And there’s no sign anywhere of a lull in the crime wave, as British producers, smelling filthy lucre, are courting and flattering ex-cons by the dozen. Rumor even has it that Ritchie’s planning to make another gangster flick, this time a bio-pic of Ronnie Knight, the former husband of soap star/siren Barbara Windsor, whose involvement in Britain’s biggest cash robbery earned him seven years at Her Majesty’s pleasure. It’s enough to make one scream, “Do me a bloody favor!” (as Ritchie’s characters often do). Well, Ritchie’s charms may have won over Brad Pitt, Benicio Del Toro and Madonna, to whom Ritchie’s married, but his films are too smugly ironic for their own good; there’s a vile, penny-dreadful take on working-class East London–so typical of Ritchie and middle-class England’s fascination with all things cockney, the patois of the area–that reduces and romanticizes gangland Britain to no more than a cockney minstrel show.

The fuel that Ritchie’s films run on is the rich East London vernacular, its celebrated rhyming slang, its vicious comic irony. Ritchie is clearly intoxicated by it, and his films are stitched together by verbal gags that sometimes sparkle but more often than not have a peculiarly depthless feel–like listening to a suburban white boy rap. There’s no sense of fear: The younger crooks in his films, the small faces trying to hustle their way into the criminal big time via the card table or the boxing ring, resemble the Ant Hill Mob from a Hanna-Barbera cartoon, while the older crooks are sharp suits and funny nicknames in search of a character.

Jonathan Glazer’s Sexy Beast, however, is the perfect antidote to Guy Ritchie, the heist movie that Harold Pinter never got around to writing. Like Pinter’s early plays, what’s between the words is as important as the words themselves. There is real menace here, a context of violence that is more than style.

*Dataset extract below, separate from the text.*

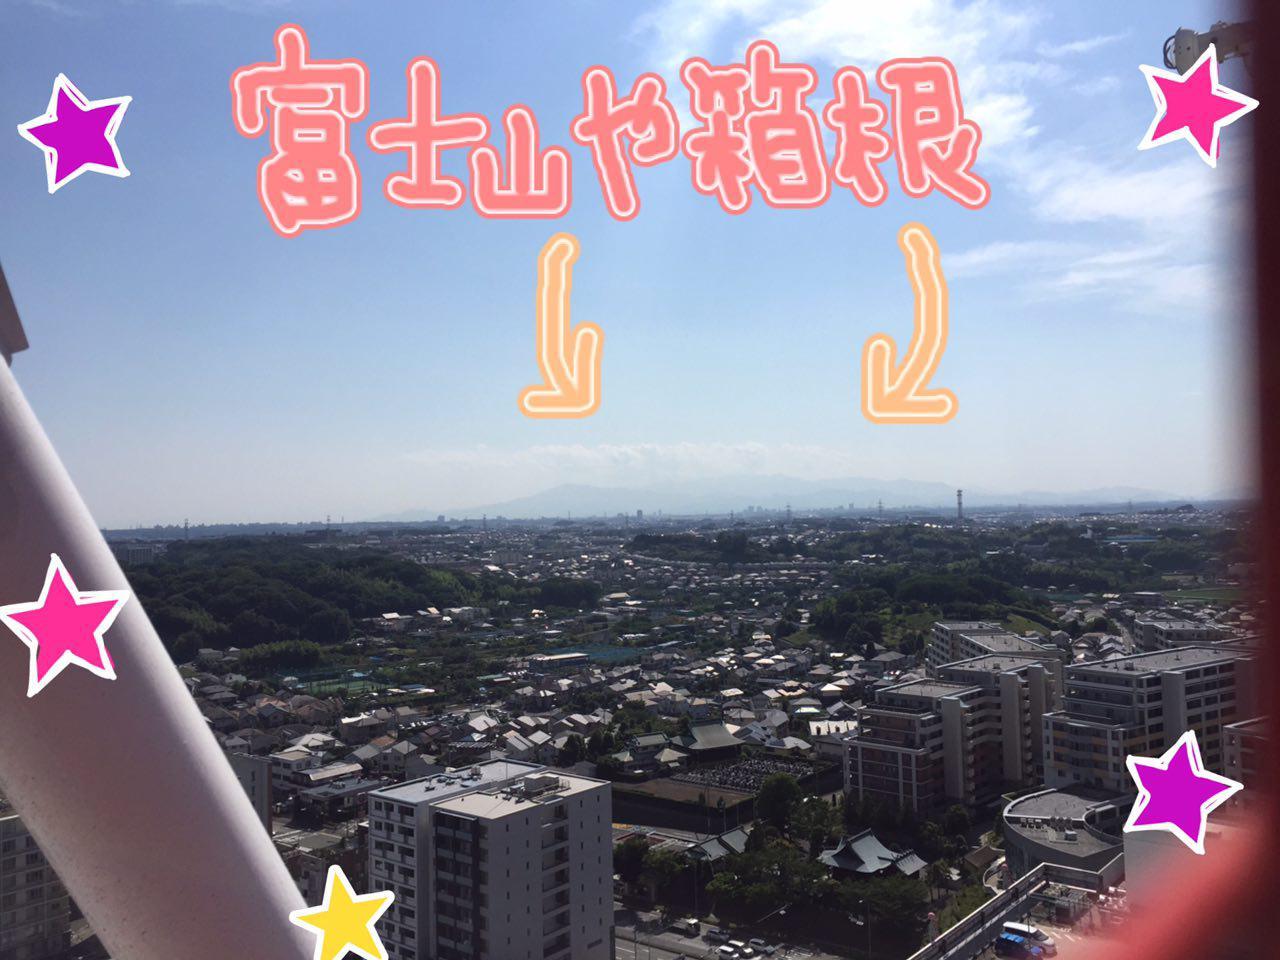 photo_2017-06-19_22-49-43.jpg

The authenticity and danger, especially when its two leads go mano a mano with each other, come from the use of silence and pauses, and from Don Logan’s (Ben Kingsley) sudden, almost Tourette’s-like outbursts. To say that Sexy Beast is an evolutionary leap for the New Brit gangster film assumes that those following it will emulate its innovations. I doubt they will. But Sexy Beast dares to do something different: It makes its thugs think, and it treats the gangland milieu seriously.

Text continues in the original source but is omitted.